Without limiting the manner by which notice otherwise may be given effectively to stockholders, any notice to stockholders given by the Corporation under any provision of the Delaware General Corporation Law, the Certificate of Incorporation, or these By-laws shall be effective if given by a form of electronic transmission consented to by the stockholder to whom the notice is given. Any such consent shall be revocable by the stockholder by written notice to the Corporation. Notice given pursuant to this Article VI, Section 10 shall be deemed given: (i) if by facsimile telecommunication, when directed to a number at which the stockholder has consented to receive notice; (ii) if by electronic mail, when directed to an electronic mail address at which the stockholder has consented to receive notice; (iii) if by a posting on an electronic network together with separate notice to the stockholder of such specific posting, upon the later of (A) such posting and (B) the giving of such separate notice; and (iv) if by any other form of electronic transmission, when directed to the stockholder.

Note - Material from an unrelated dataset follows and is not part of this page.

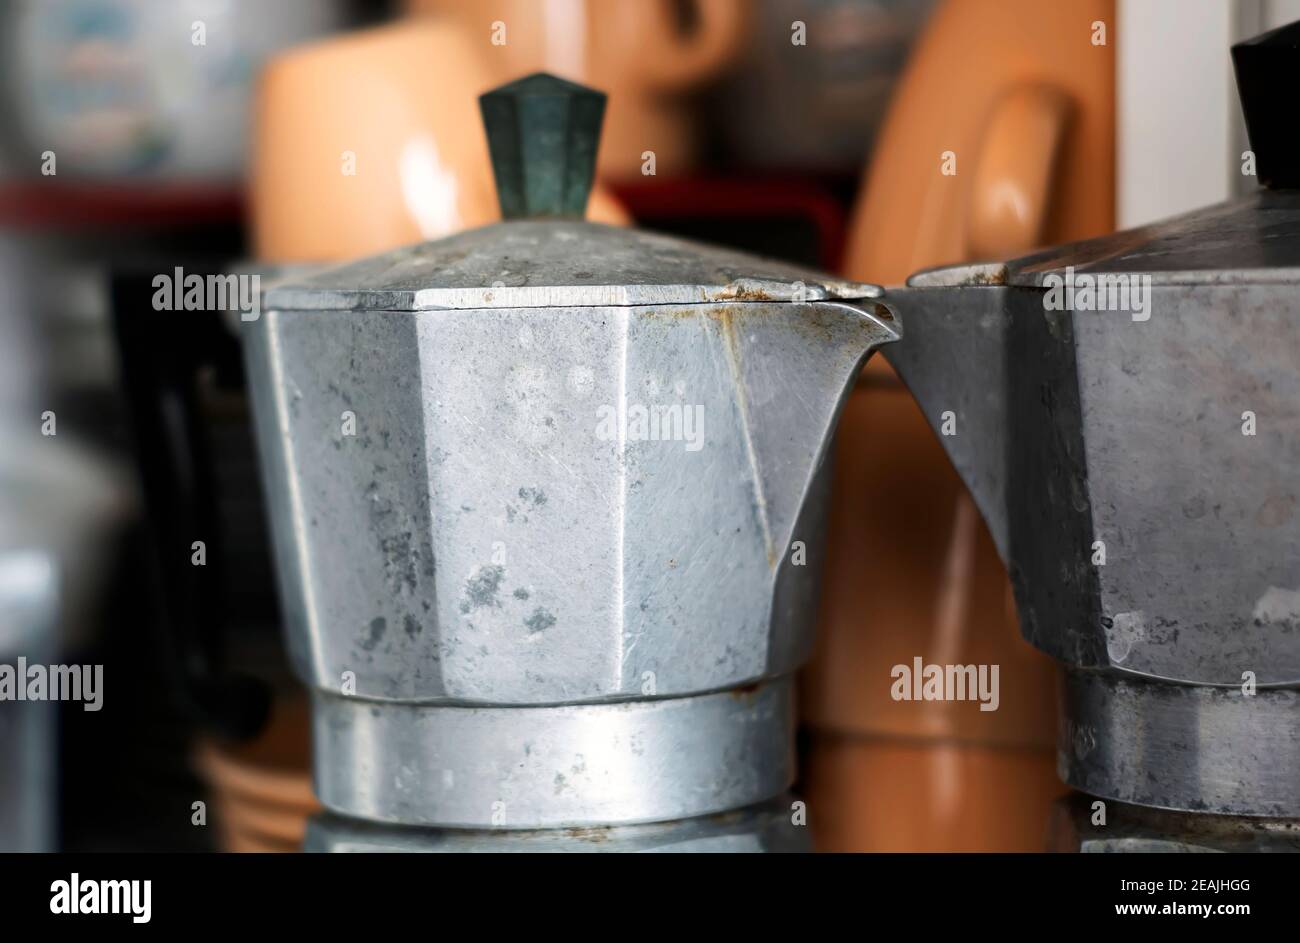 Turkish Coffee Pot Coffee Maker Moka Pot Patterned Cast Iron

An affidavit of the Secretary or an Assistant Secretary or of the transfer agent or other agent of the Corporation that the notice has been given in writing or by a form of electronic transmission shall, in the absence of fraud, be prima facie evidence of the facts stated therein.

ARTICLE VII. AMENDMENTS

These By-Laws may be altered or repealed and By-Laws may be adopted at any annual meeting of the stockholders, or at any special meeting thereof if notice of the proposed alteration or repeal or By-Law or By-Laws to be adopted is contained in the notice of such special meeting, by the affirmative vote of a majority of the stock issued and outstanding and entitled to vote thereat, or by the affirmative vote of a majority of the Board of Directors, at any regular meeting of the Board of Directors, or at a special meeting of the Board of Directors, if notice of the proposed alteration or repeal, or By-Law or By-Laws to be adopted, is contained in the notice of such special meeting.